On Mon, Jun 08, 2026 at 03:59:04PM +0200, Christian König wrote:
On 6/8/26 15:55, Bobby Eshleman wrote:
On Sun, Jun 7, 2026 at 11:42 PM Christian König <christian.koenig@amd.com mailto:christian.koenig@amd.com> wrote:
On 6/5/26 20:44, Bobby Eshleman wrote: > On Fri, Jun 05, 2026 at 11:30:07AM +0200, Christian König wrote: >> On 6/4/26 02:42, Bobby Eshleman wrote: >>> From: Bobby Eshleman <bobbyeshleman@meta.com <mailto:bobbyeshleman@meta.com>> >>> >>> get_sg_table() emitted one PAGE_SIZE sg entry per page even when the >>> underlying folio was larger. >>> >>> Instead, walk folios[] and emit one sg entry per folio. When folios >>> represent large pages (as is for MFD_HUGETLB), each sg entry is a large >>> page. Normal PAGE_SIZE sg tables are unchanged. >>> >>> Required by net/core/devmem to support rx-buf-size > PAGE_SIZE with >>> udmabuf. >> >> That doesn't explain why this is required. > > Sure, can definitely add. Devmem currently requires dmabuf sg entries to > be length and size aligned when it allocates niovs for NIC page pools. > Though udmabuf is not violating any dmabuf contract by emitting > PAGE_SIZE entries and the above restriction is probably more a > shortfalling of devmem, by emitting a single entry per folio this patch > allows udmabuf to be used by devmem for large pages. > >> >> Please note that accessing the pages/folio of an sg-table returned by DMA-buf is illegal and strictly forbidden! >> >> Regards, >> Christian. > > It seems both devmem and io_uring zcrx at least introspect through to > the sg-table to build NIC page pools (not accessing the memory itself, > however). Is there a better way? That's an absolute NO-GO! We need to stop that immediately. Touching the underlying struct page of an DMA-buf exported sg-table is strictly forbidden. We even have code to wrap the sg_table and hide the struct pages on debug builds to catch those issues, see function dma_buf_wrap_sg_table(). My last status is that the NIC page pools are build directly from the DMA addresses exposed by the sg_table. Was there any change I'm not aware of? Regards, Christian.Oh no change, your mental model is still current. They just go through each sg and use sg_dma_address() on each.
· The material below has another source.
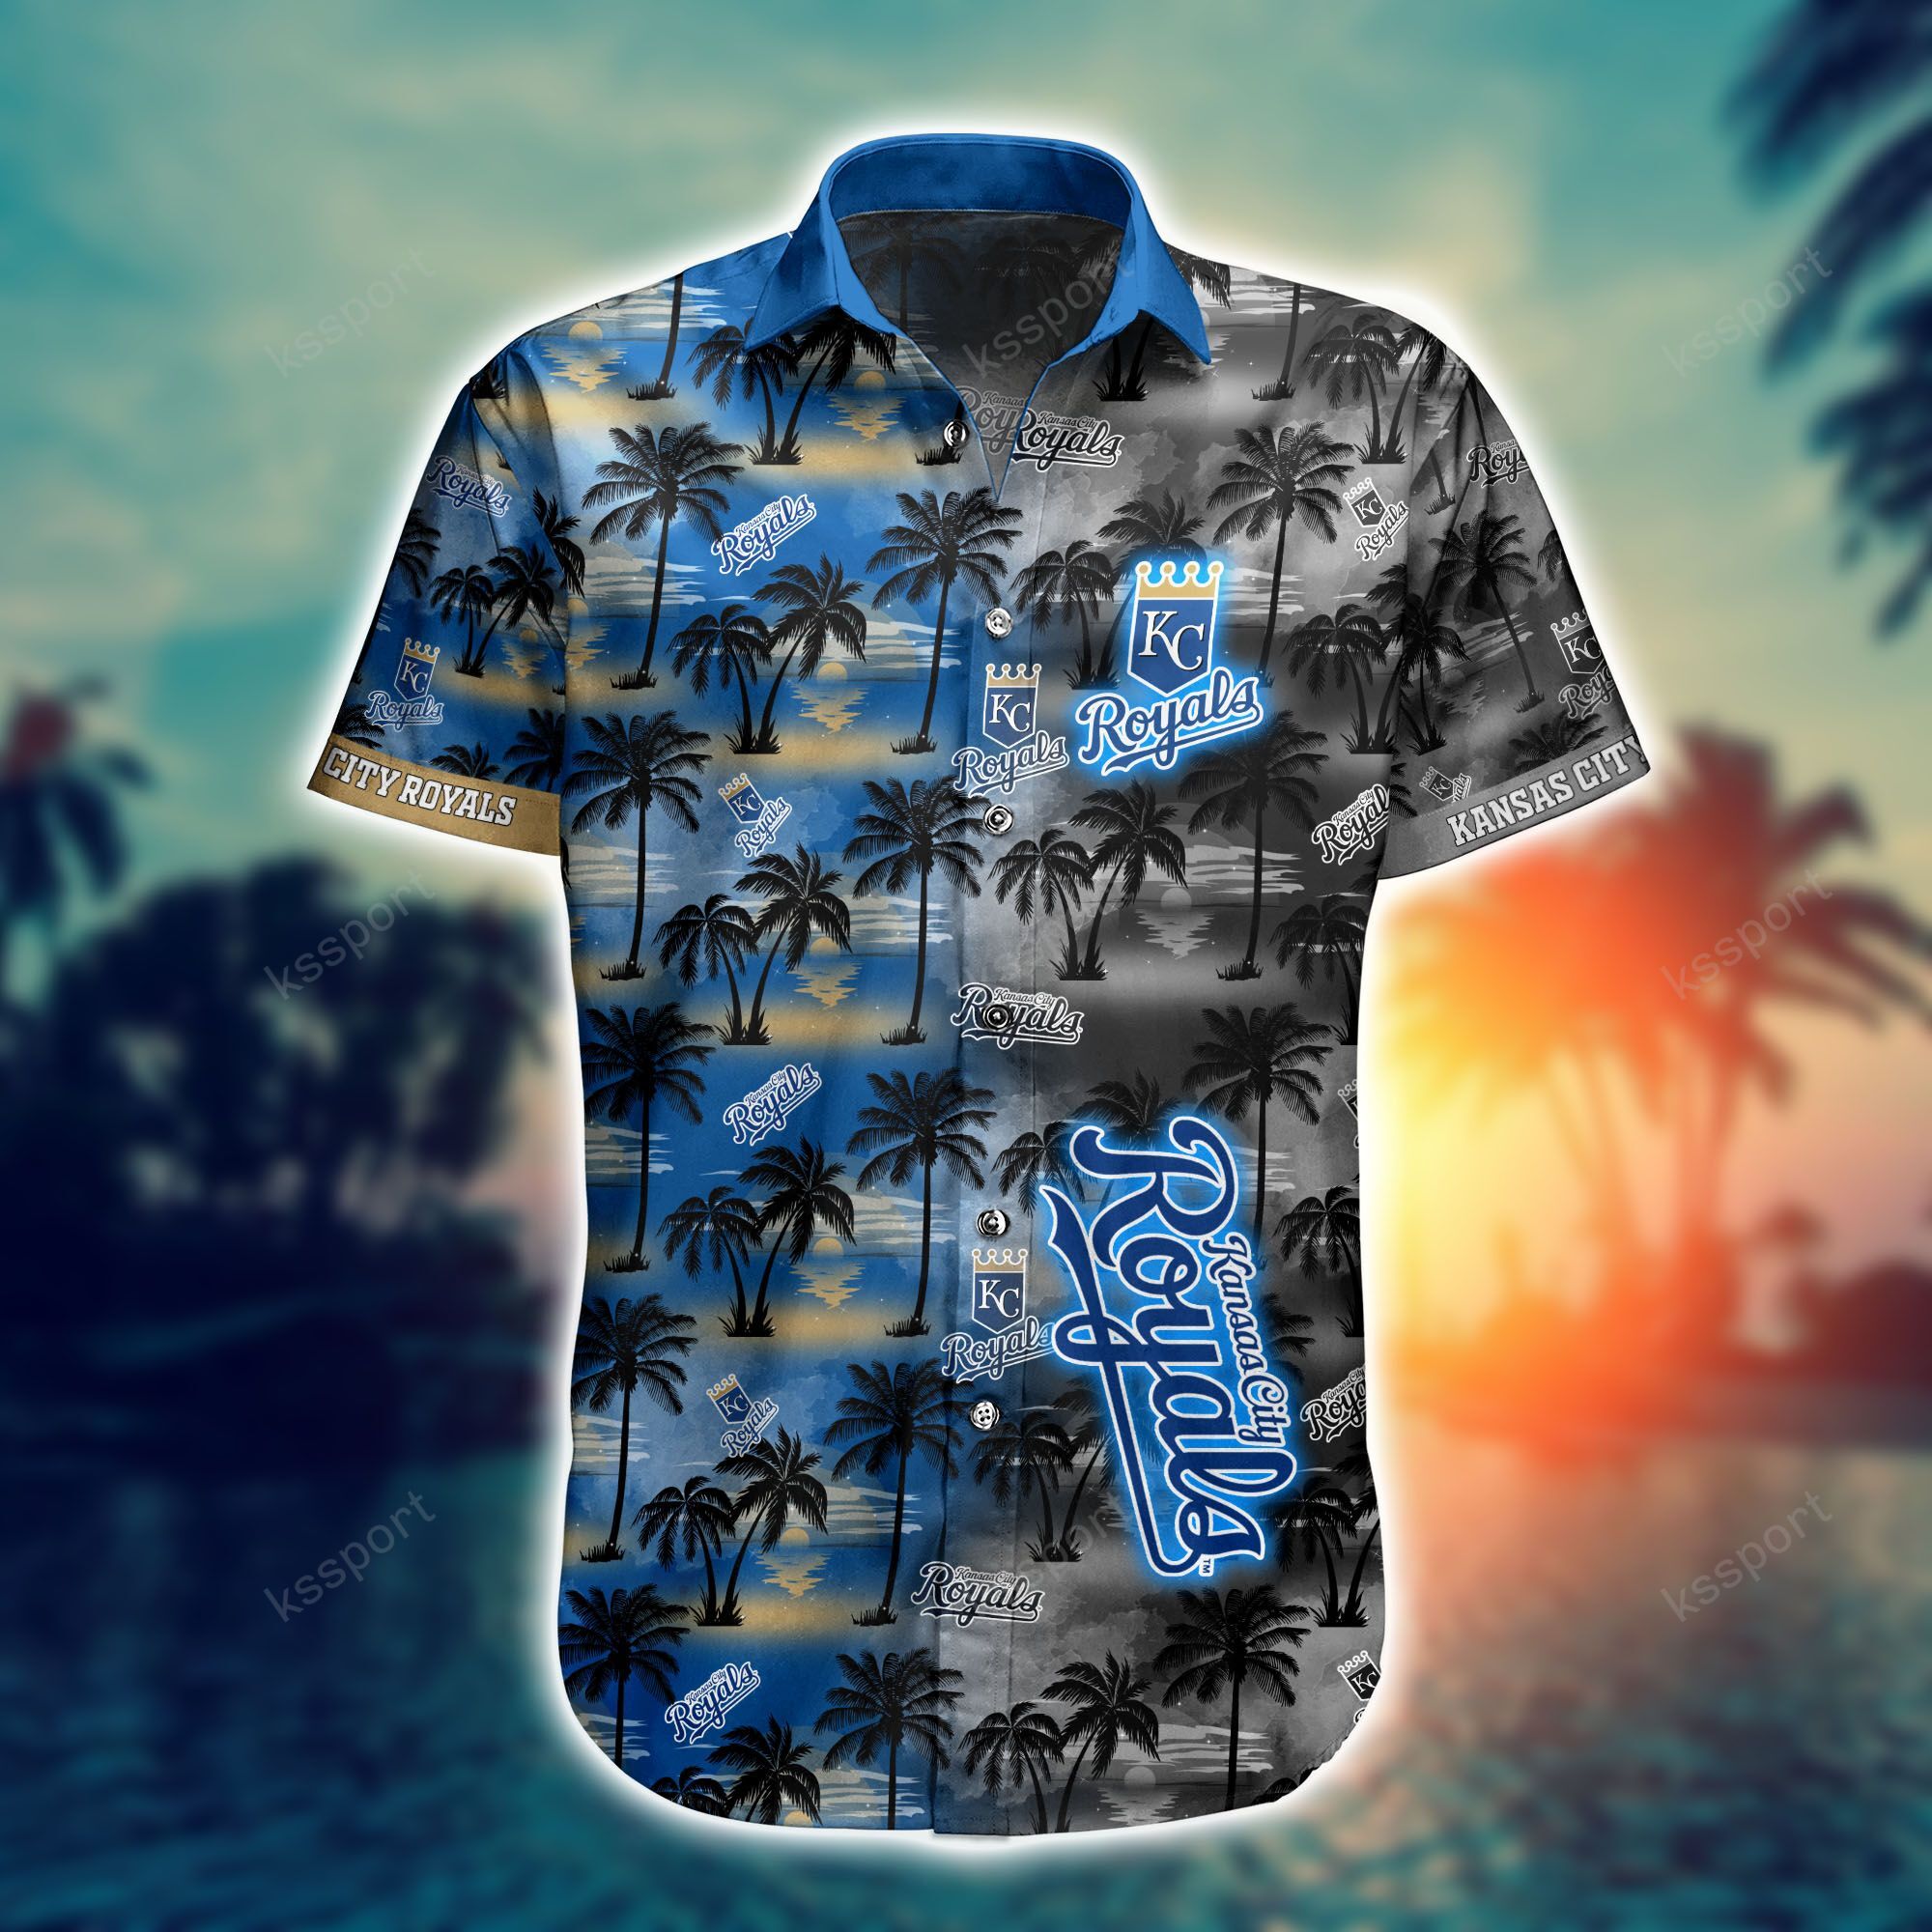 Hawaiian shirt and shorts is a great way to look stylish at a beach party 147

Ah, thanks! That was a near heart attack :D
Yeah that is perfectly correct, question is do you then still really need this udmabuf change? I mean the DMA API usually merges together contiguous DMA addresses.
Regards, Christian.
Hey Christian, sorry for the delay I justed want to double check what I'm seeing...
I reverted the udmabuf patch and confirmed devmem still runs into 4K pages even for hugepage udmabuf. I see that the dma_map_direct() path is being taken, which if I am reading the code correctly results in the sg_dma_len(sg) inheriting sg->length directly (set by udmabuf's sg_set_folio(..., PAGE_SIZE) call), compared to the iommu_dma_map_phys() path which looks like it does merge when possible.
Best, Bobby